Hong Kong Young Writers Anthologies Non-Fiction 2020 | Page 20
Non-Fiction – Group 3
Upstream or Downstream?
More Questions than Answers for
China’s Great Bay Area
Harrow International School Hong Kong, Wang, Jade – 13
The Pearl River Delta has captured the interest and imagination of many historians and
artists in the past. This famous estuary, where the Pearl River flows into the South China Sea,
has once again captured our attention and awareness. Not just whether its water is flowing
upstream or downstream but what future lies for the cities in the Pearl River Delta.
The Greater Bay Area Initiative is China’s national drive to turn nine cities and two
special administrative regions of the Pearl River Delta into an economic powerhouse. The
eleven metropolia shall serve as the core of a megalopolis for the region’s political, economic,
communications, infrastructure, and urban development. The initiative is not a new
invention of sorts. There are more prominent megalopolises in the world, such as “BosWash”
or “So-Cal” in the United States and may have inspired China’s initiative in the Guangdong-
Hong Kong-Macao Greater Bay Area. The main objective is to improve and innovate the
mechanisms of cooperation, complementarian and relationship to develop the cities of Hong
Kong, Macau, Guangzhou, Shenzhen, Zhuhai, Foshan, Zhongshan, Dongguan, Huizhou,
Jiangmen and Zhaoqing into an integrated Greater Bay Area.
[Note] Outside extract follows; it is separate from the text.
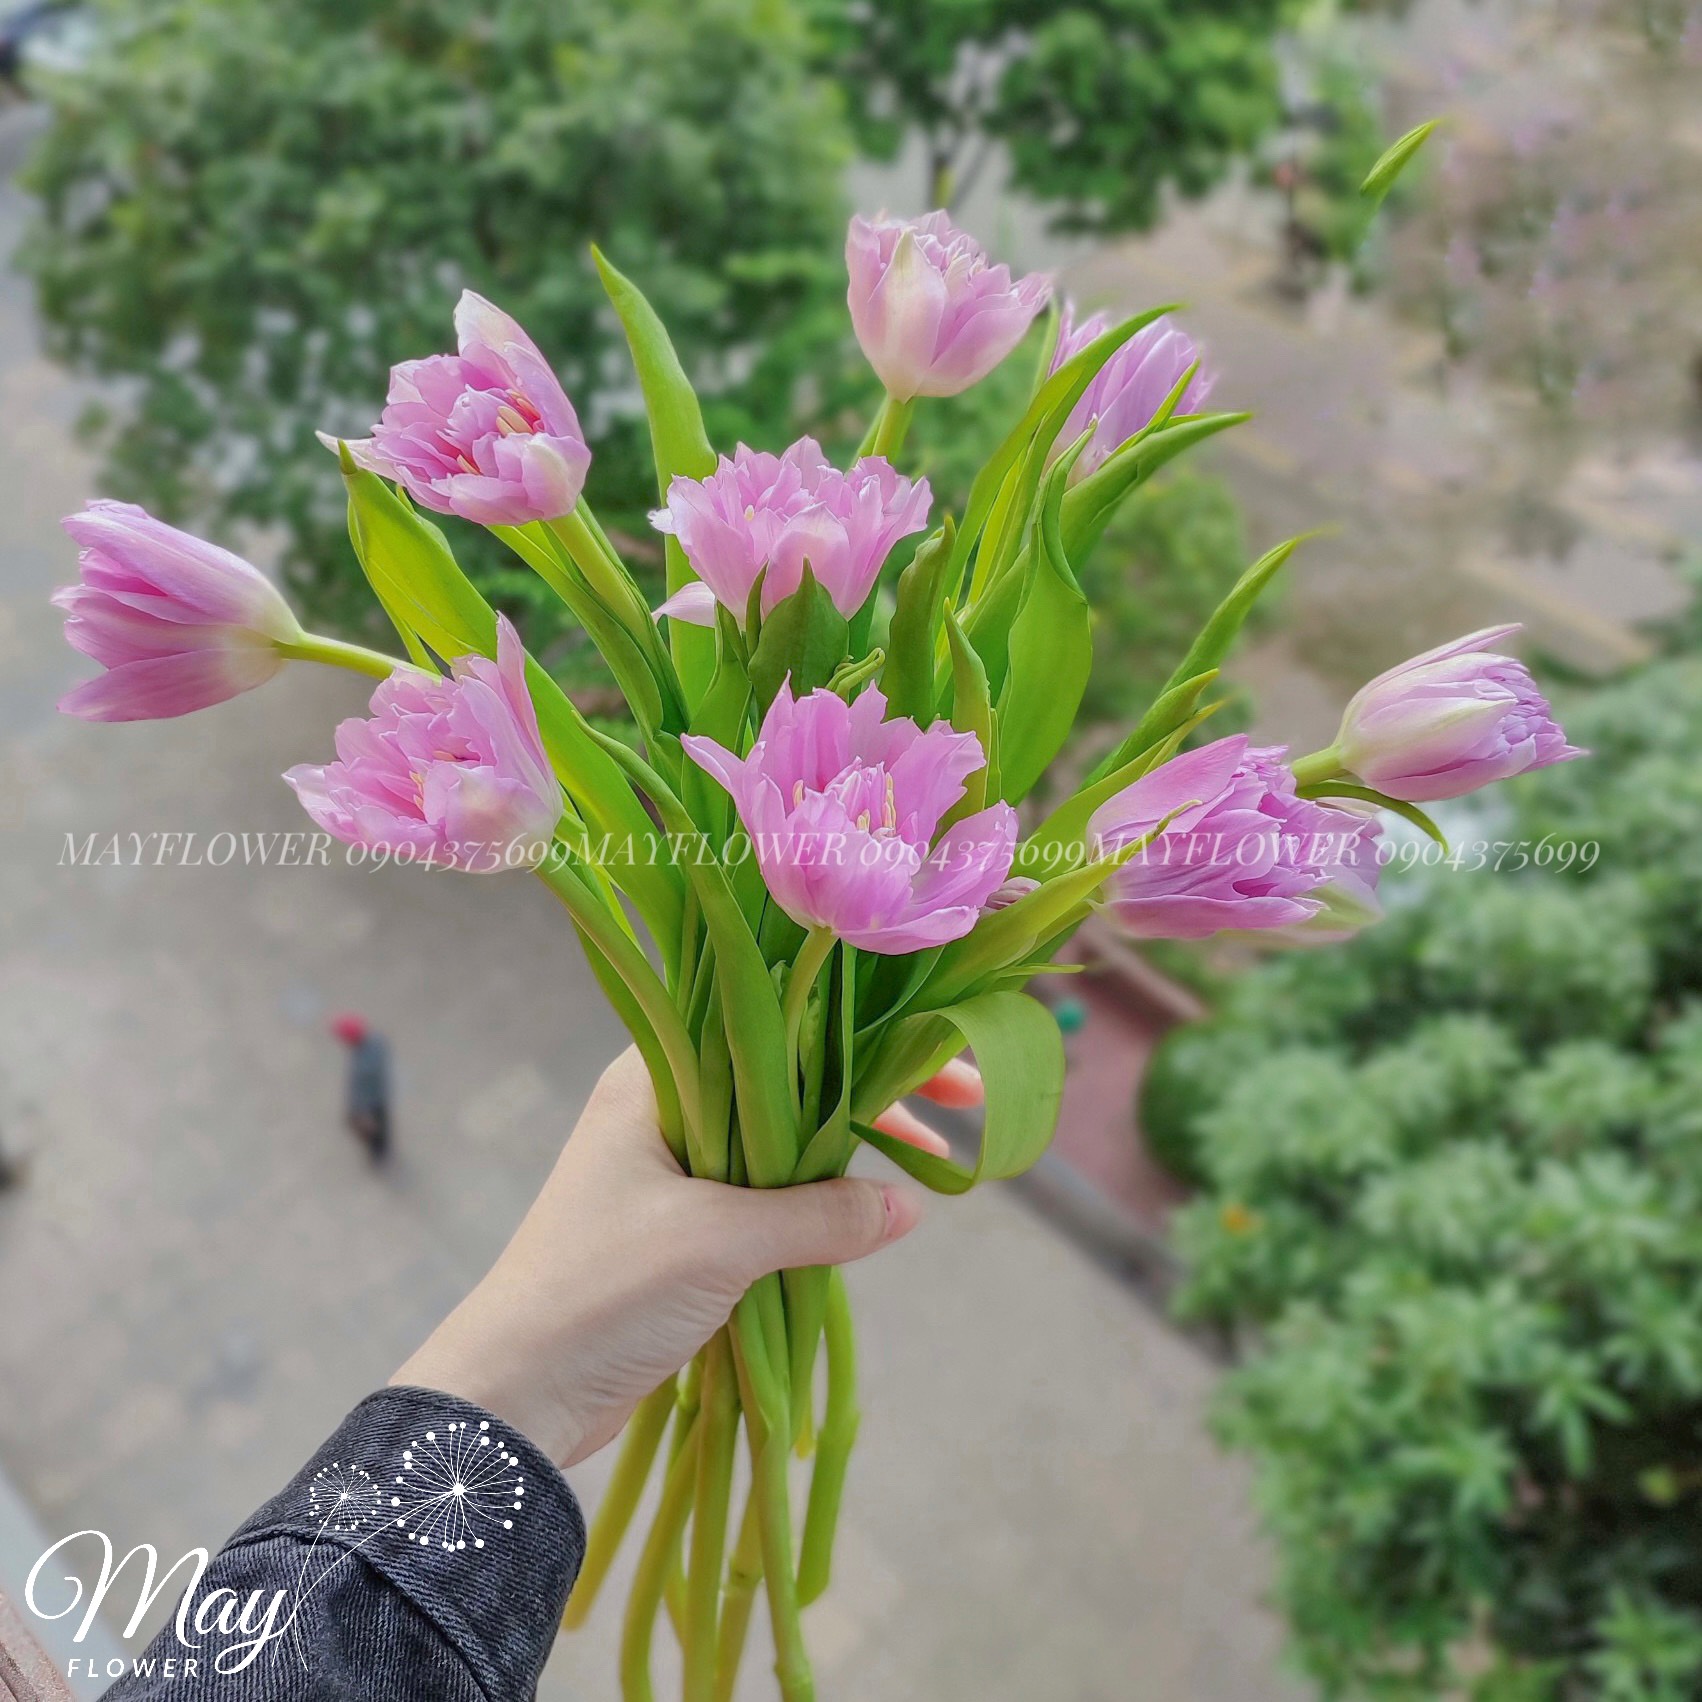 Top 3 mẫu hoa tặng cô giáo ngày 20/10 - Cửa hàng hoa tươi May Flower

Think of it like a present-day Industrial Revolution where each area has a different goal
according to their characteristics. Hong Kong, for example, with its status as international,
financial, transportation and trade centre, will further strengthen its status as a global
offshore business hub and an international asset management centre. Macao, on the other
hand, shall take forward its development as a global tourism and leisure centre and foster the
appropriately diversified and sustainable development of the economy of Macao.
However, China’s Greater Bay Area Initiative also raise more questions than answers.
Will there be true integration amidst income and wealth inequality? What will happen
when people from a high Gross Domestic Product (GDP) per capita city like Hong Kong
and Macao live and work with those from a low Gross Domestic Product (GDP) per capita
city like Zhaoging and Jiangmen? Will the integration cause massive migration to enjoy the
benefits of “richer” cities like Hong Kong and Macau, forcing existing residents to “share”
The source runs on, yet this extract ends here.